The Interoperability Problem
Each of the limits above operates within a single organization: shared purpose taxonomy, known systems, and a single Mission state owner. Cross-organizational deployment introduces complications the single-org model cannot absorb. Mission authority shaped in one trust domain cannot be evaluated semantically in another, even when the transport format is identical.
If two organizations deploy agent systems independently, each with their own purpose taxonomy and shaping logic, a Mission created in one cannot be meaningfully evaluated in the other. The mission_ref is portable. The semantics it encodes are not.
Interoperability requires more than a purpose taxonomy. It needs shared meaning for:
- resource classes
- action classes
- canonical subject and object identifiers
- selector and constraint semantics
- attenuation and expansion rules
- parent-to-child derivation rules
Without those, a “portable authority representation” is just a transport container for incompatible local meaning.
This identity resolution layer is easy to understate, and it is often where enterprise deployments actually break. “Board packet”, “final numbers”, “Q1”, and even the CFO’s own authority scope may resolve differently across finance systems, content repositories, and messaging tools.
Adjacent standards work helps with plumbing, but not with semantic authority:
- OAuth RAR (RFC 9396) provides a richer authorization request format than scopes, allowing structured authorization detail in the request itself. It is the closest existing standard to a Mission authority carrier. But RAR is a request language, not a shaping substrate; it still requires the semantic work to be done before the request is formed, and it does not govern the Mission lifecycle after issuance.
- Policy engines such as OPA and Cedar help express and evaluate policy once the world has already been reduced to stable resources, attributes, and actions, but they do not solve the shaping step that produces those stable inputs from natural-language intent.
The interoperability problem still points back to a missing semantic layer for Mission shaping.
RAR and token formats can carry authority. They do not supply the shared task semantics that make that authority interoperable.
What Containment Adds
In open-world environments, containment has to carry safety properties that Mission shaping cannot provide.
Containment means:
- narrow discovery envelopes by default
- strong tool mediation and trusted adapters
- short-lived, attenuated credentials
- boundary observation that does not rely on agent self-report
- irreversible actions gated by callbacks, checkpoints, or explicit human release
- runtime isolation strong enough that a compromised agent has limited room to act
A tool call, as used here, means any invocation to an external system through an adapter: file reads and writes, API calls, browser navigation, code execution, and message dispatch. Every such call is a potential observation and enforcement point. Containment is meaningful only if the tool mediation surface is consistently enforced. A single unmediated path through a privileged adapter negates the rest.

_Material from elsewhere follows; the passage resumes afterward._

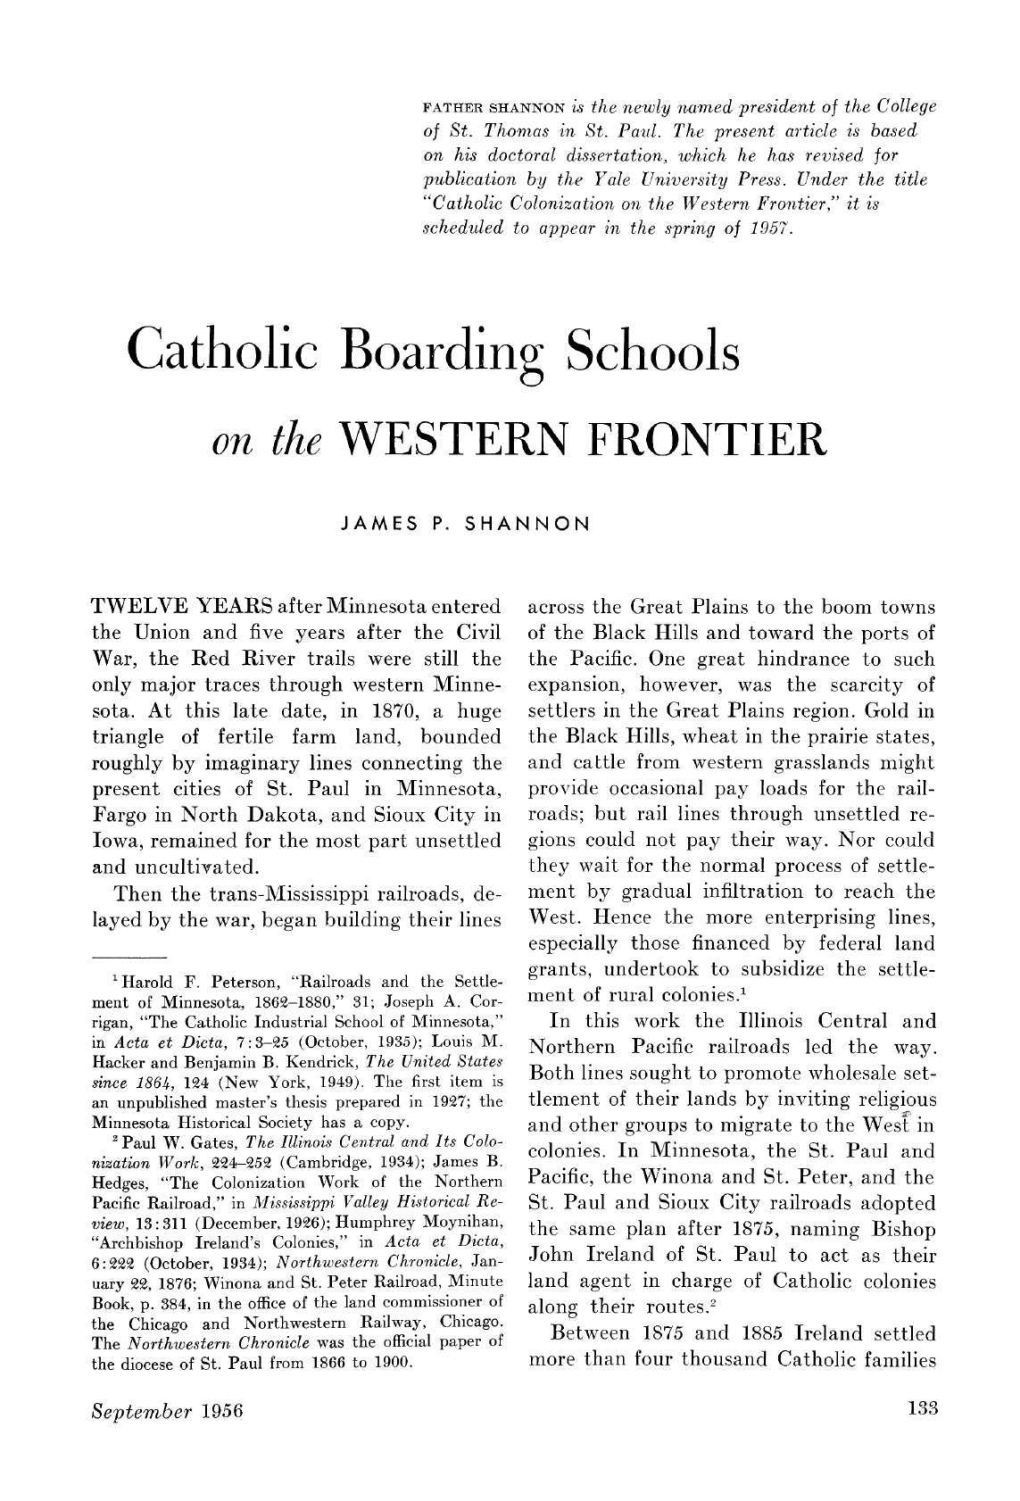 Catholic Boarding Schools on the Western Frontier

Model Context Protocol (MCP) is one framework for tool mediation at this layer. IBAC demonstrates one concrete implementation of the enforcement boundary itself: a higher-order invokeToolWithAuth wrapper that every tool call must pass through, with no path around it. The wrapper checks the request against the intent-derived authorization store before execution; unauthorized calls are denied before they reach the tool. Whether using MCP, a proprietary adapter pattern, or an enforcement wrapper of this kind, the architectural requirement is the same: tool calls must flow through a boundary that can enforce authority constraints, log call provenance, and interrupt on anomaly without relying on the agent to report its own behavior accurately. But tool mediation alone is not enough. A gateway can enforce requests and still lack the deeper runtime context needed to judge intent well. Direct integration with underlying systems can provide richer behavioral visibility and still lack decisive control. Runtime governance needs both: enforcement points that can block and trusted observation points that can explain why a given action is risky.

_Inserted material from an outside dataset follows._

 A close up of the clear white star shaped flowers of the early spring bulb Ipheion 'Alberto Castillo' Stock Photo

Agent containment differs from standard defense-in-depth in its threat model. Traditional defense-in-depth assumes threats arrive from outside the perimeter and that authenticated actors are trusted. Agent containment inverts that assumption: the threat is authorized misuse by the agent itself, with correct credentials but misaligned or injected intent. The attack surface is the agent’s context window, not network ingress. The goal is semantic integrity across the agent’s execution, not perimeter security at the organizational boundary.
NIST SP 800-207 (Zero Trust Architecture) provides the foundational framing: no implicit trust based on network location or credential possession, continuous verification of each request. Agent containment extends ZTA’s microsegmentation principle to the agent’s execution environment, treating each tool call as a request to be evaluated rather than trusting the agent to police its own behavior inside a broad authority grant. NIST AI 100-1 (AI Risk Management Framework) places this in the broader governance context: the Mission shaping and containment controls described here are the authorization-layer instantiation of AI RMF’s govern, map, measure, and manage functions for agentic AI systems.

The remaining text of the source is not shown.